*** DATA SUPPLIED Section Begins ***

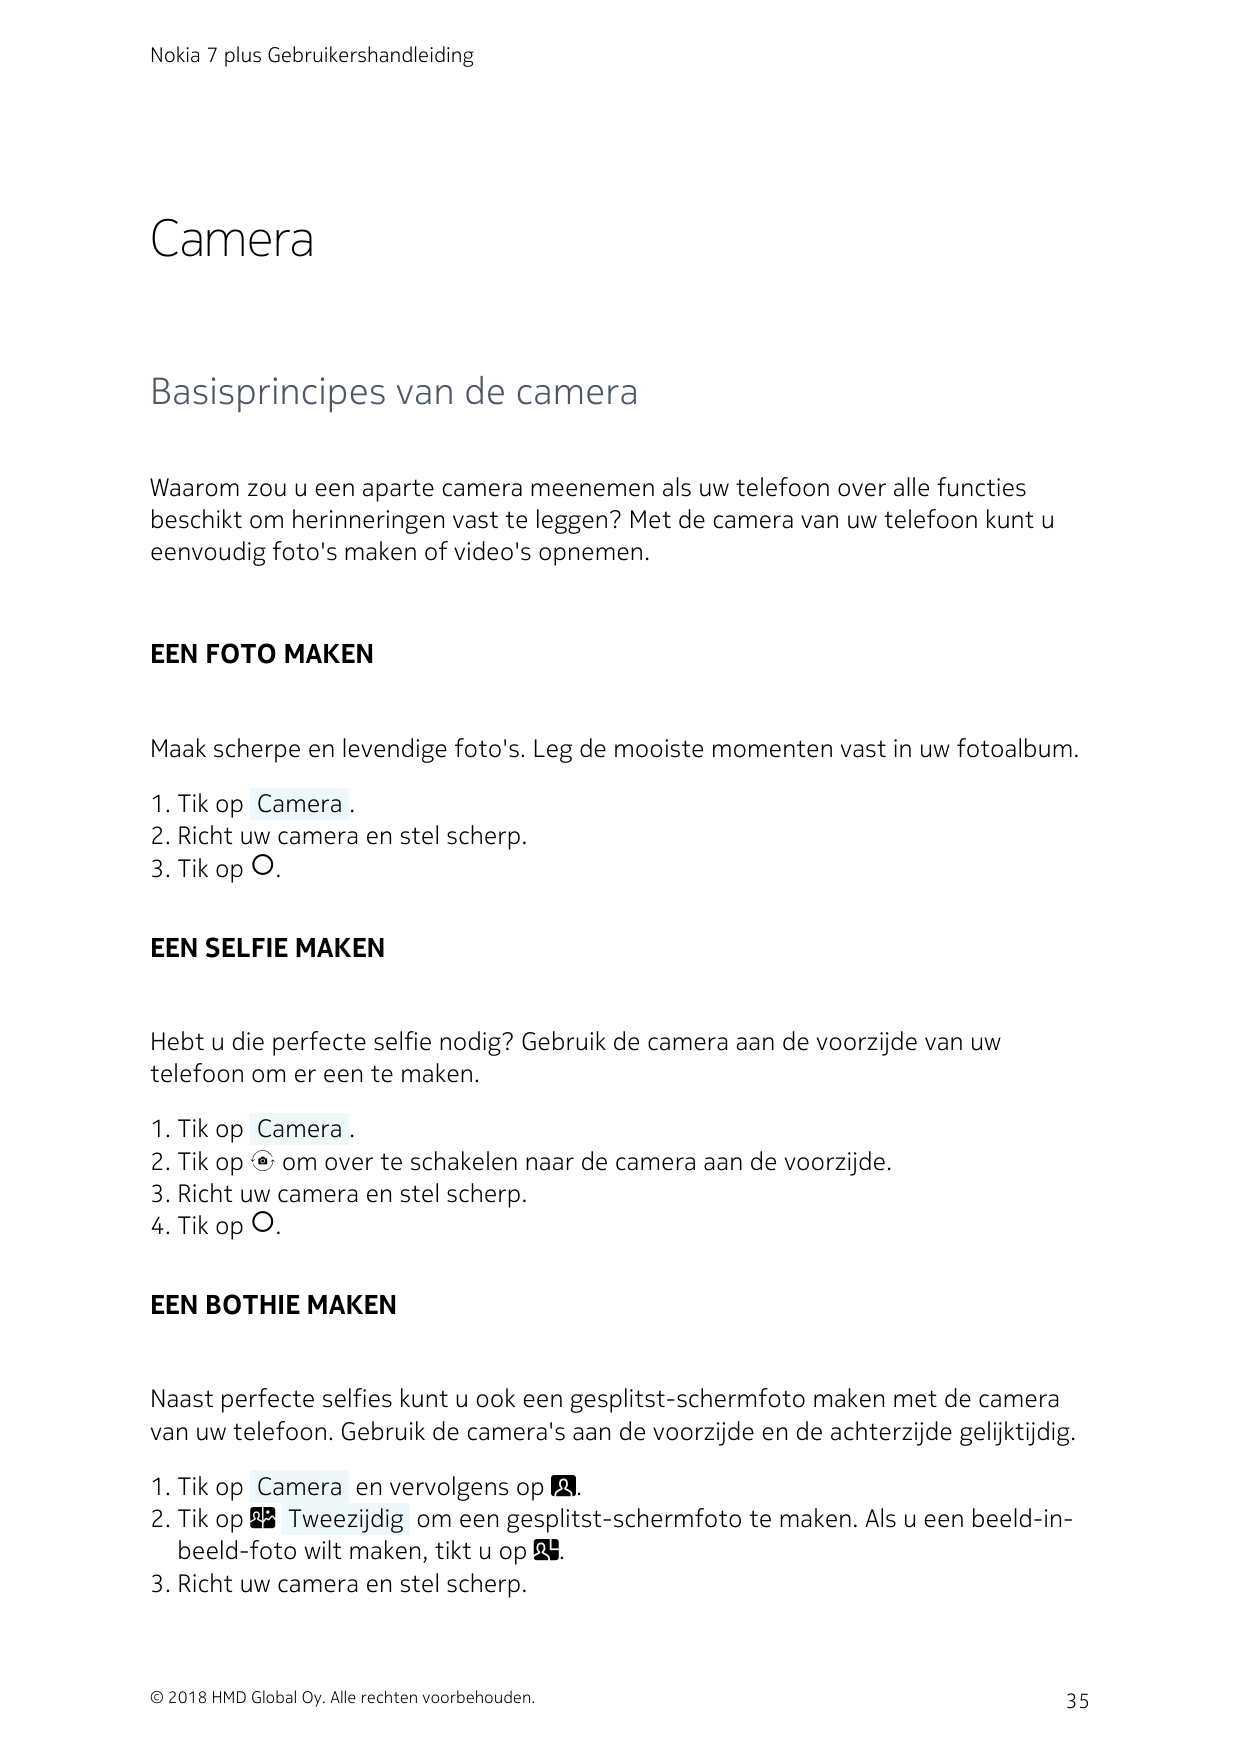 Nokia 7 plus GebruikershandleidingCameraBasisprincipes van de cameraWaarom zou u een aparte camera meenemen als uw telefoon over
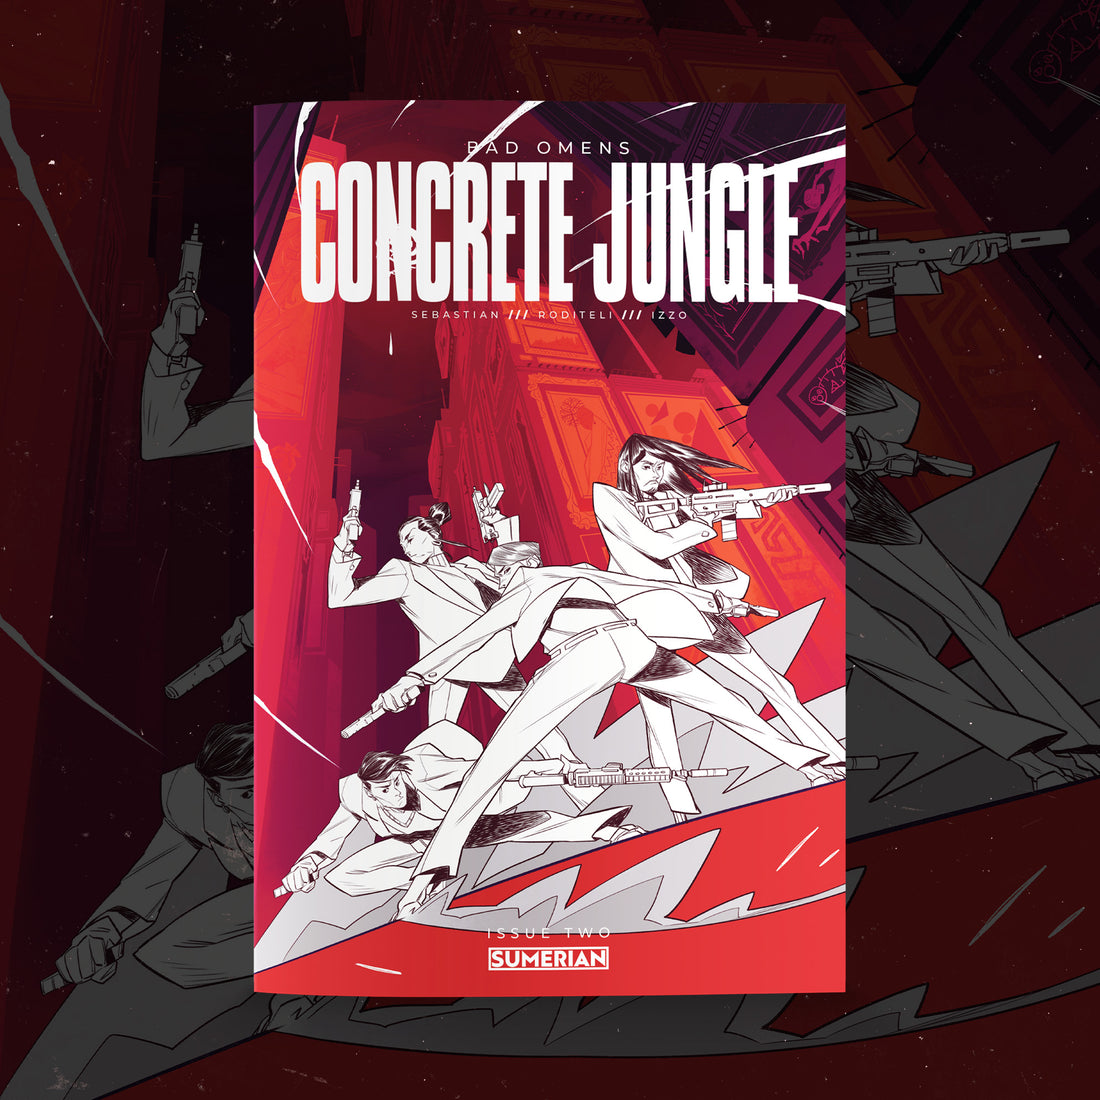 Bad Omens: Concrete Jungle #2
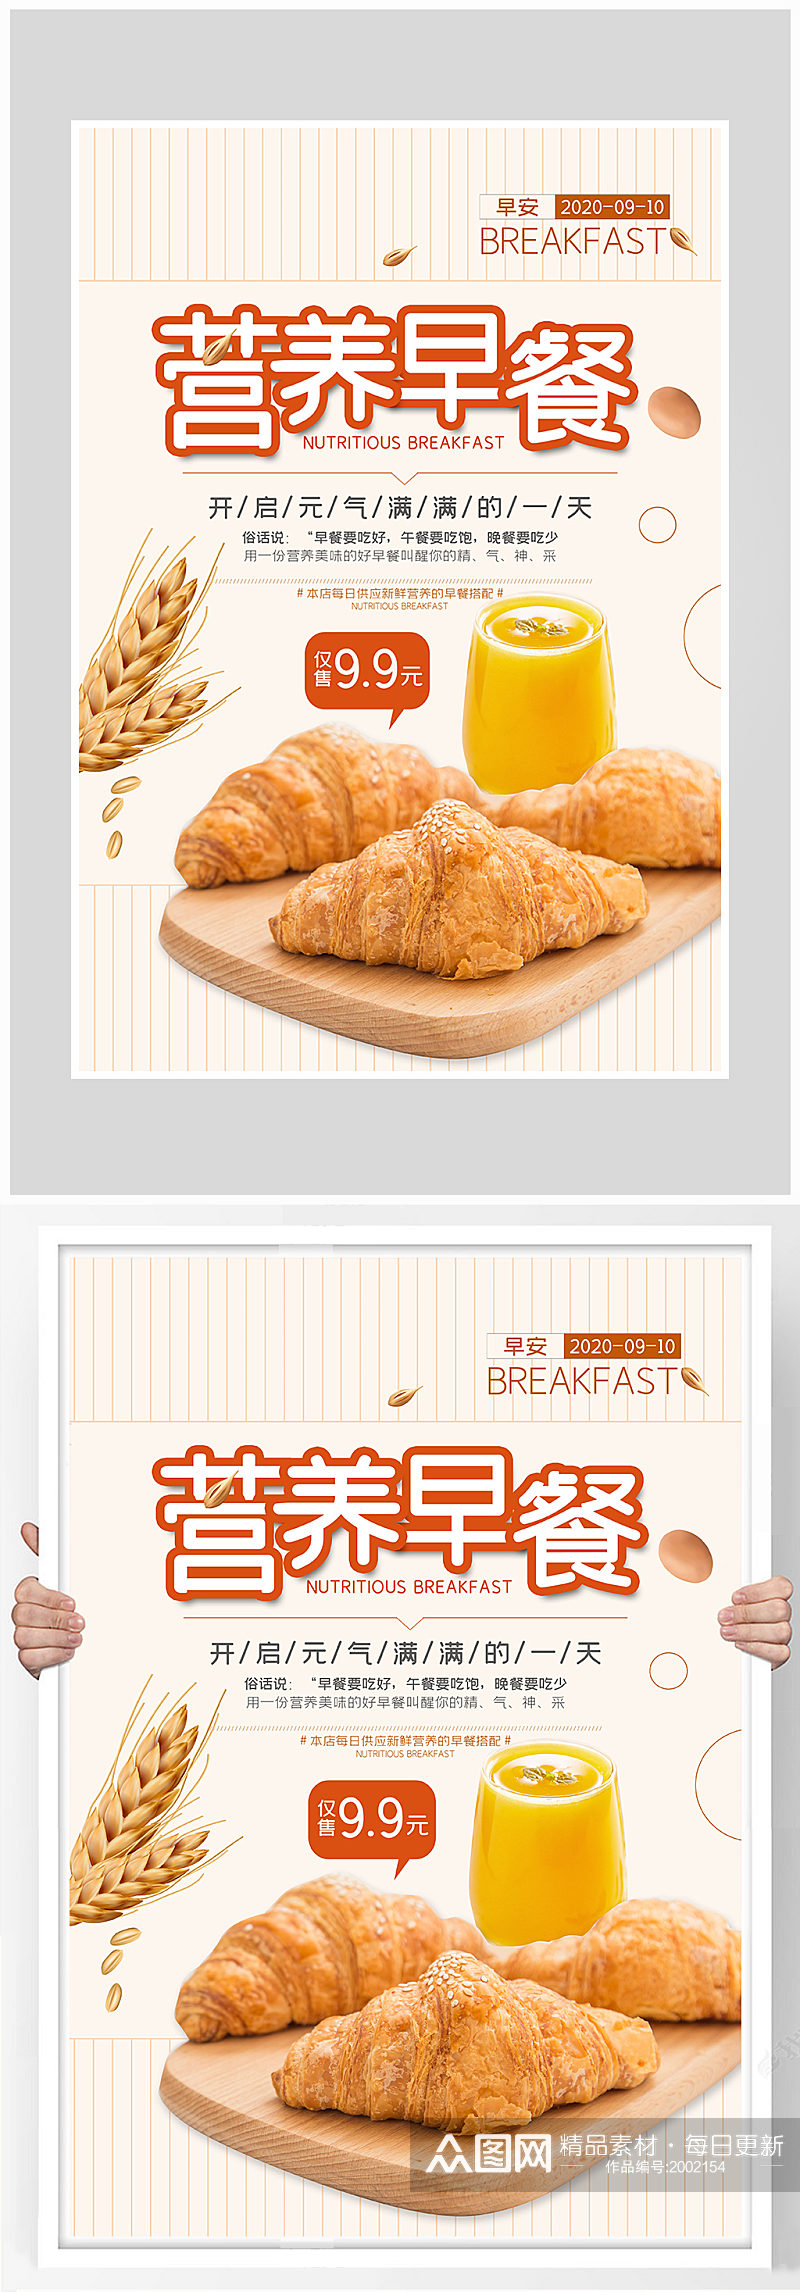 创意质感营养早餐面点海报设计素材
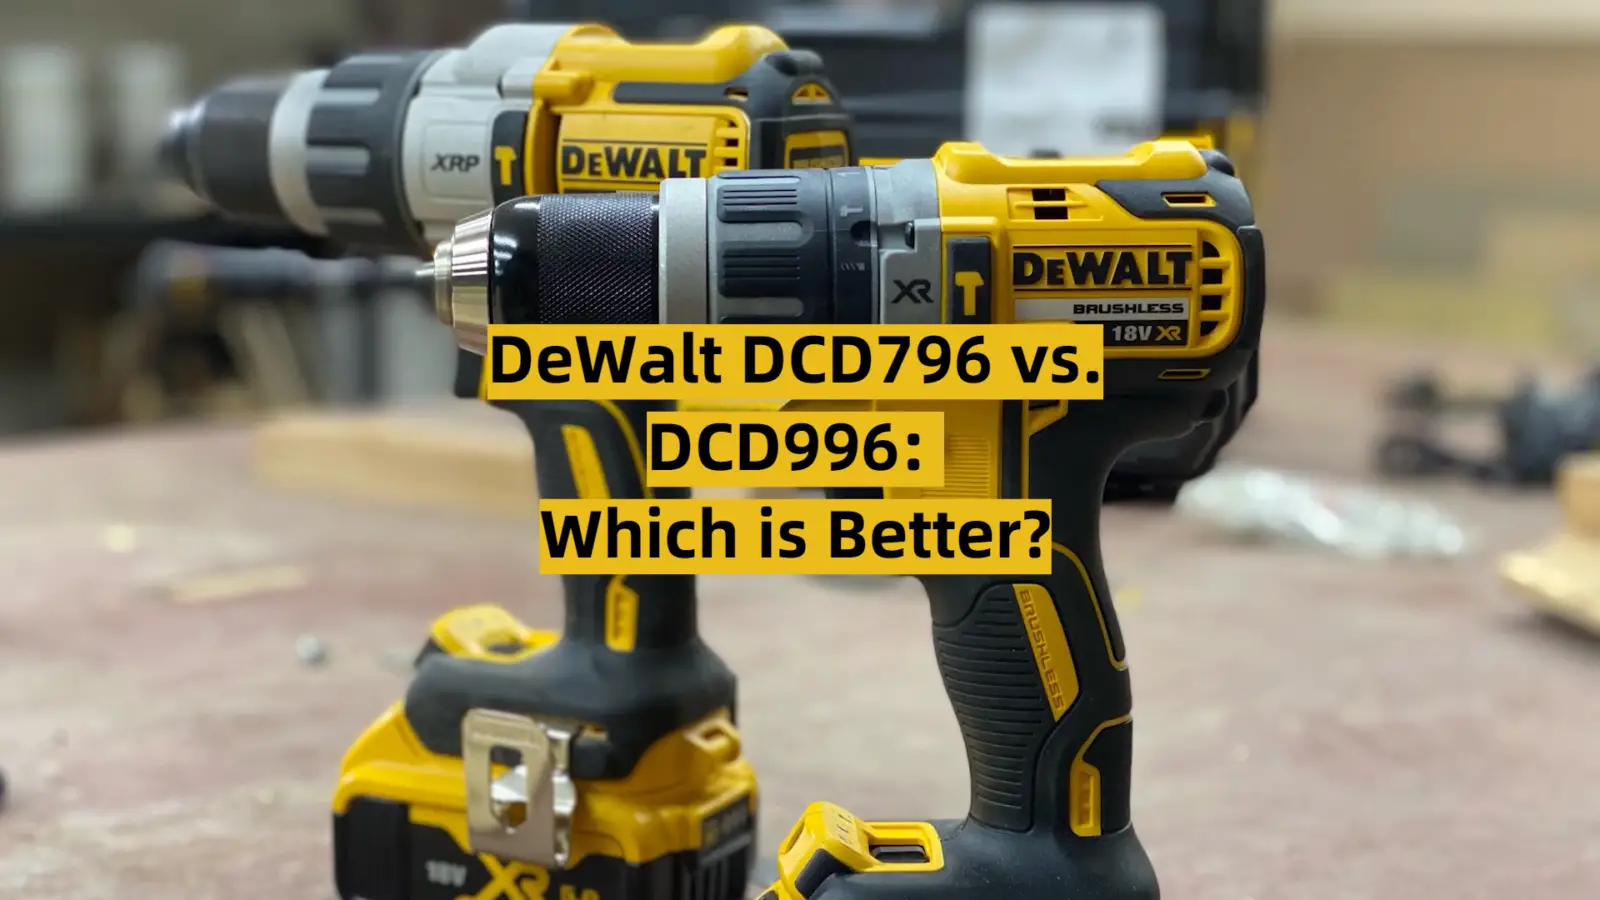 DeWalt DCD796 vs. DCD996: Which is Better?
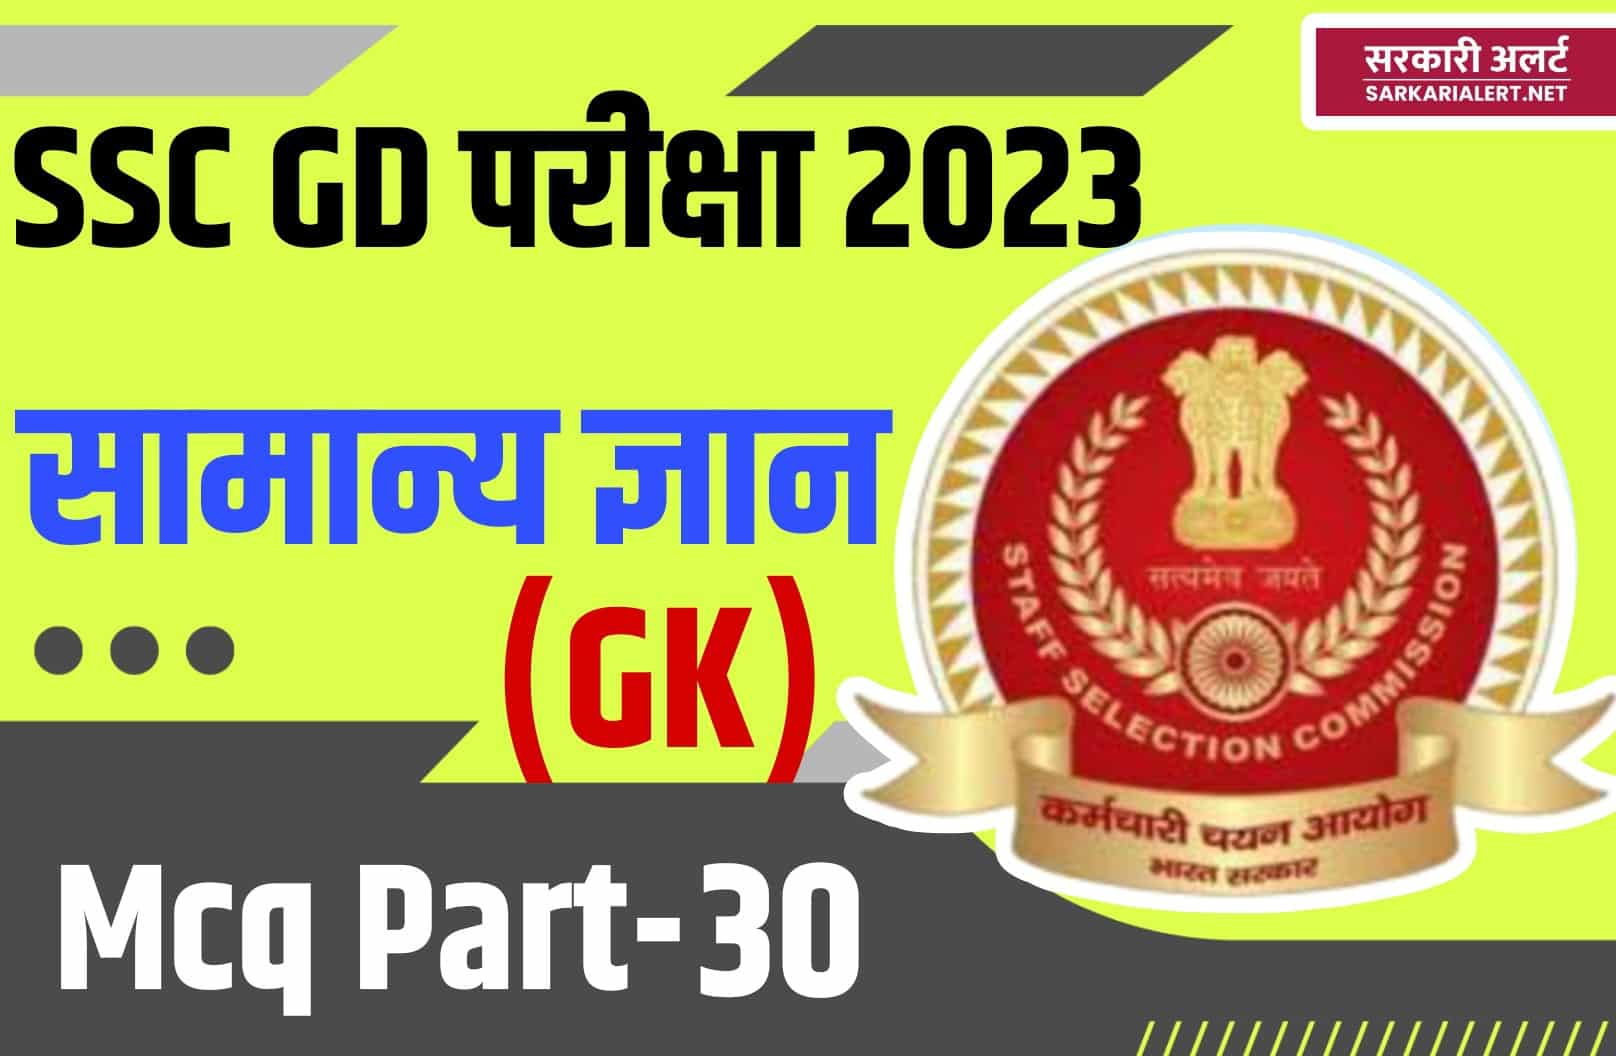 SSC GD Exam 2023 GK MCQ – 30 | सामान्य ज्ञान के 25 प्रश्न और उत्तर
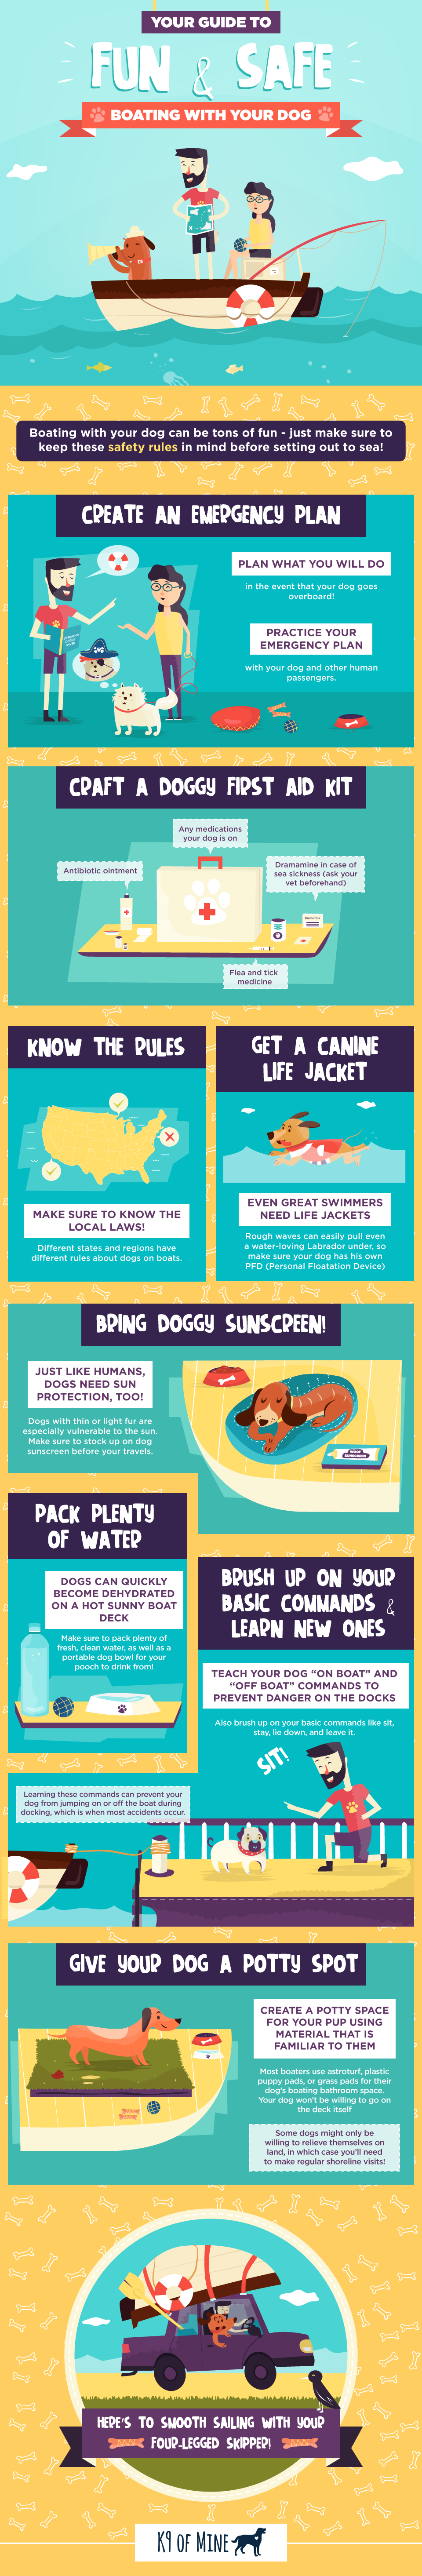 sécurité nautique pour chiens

*** DATA SUPPLIED Section Ends ***

TASK REQUIREMENTS -
Each entry above is to be written out exactly. The pictures stay out.

ANSWER TO THIS EXERCISE -
 Nokia 7 plus GebruikershandleidingCameraBasisprincipes van de cameraWaarom zou u een aparte camera meenemen als uw telefoon over
 Bad Omens: Concrete Jungle #2
 创意质感营养早餐面点海报设计素材
 DeWalt DCD796 vs. DCD996: Which is Better?
 SSC GD Exam 2023 GK MCQ – 30 | सामान्य ज्ञान के 25 प्रश्न और उत्तर
 sécurité nautique pour chiens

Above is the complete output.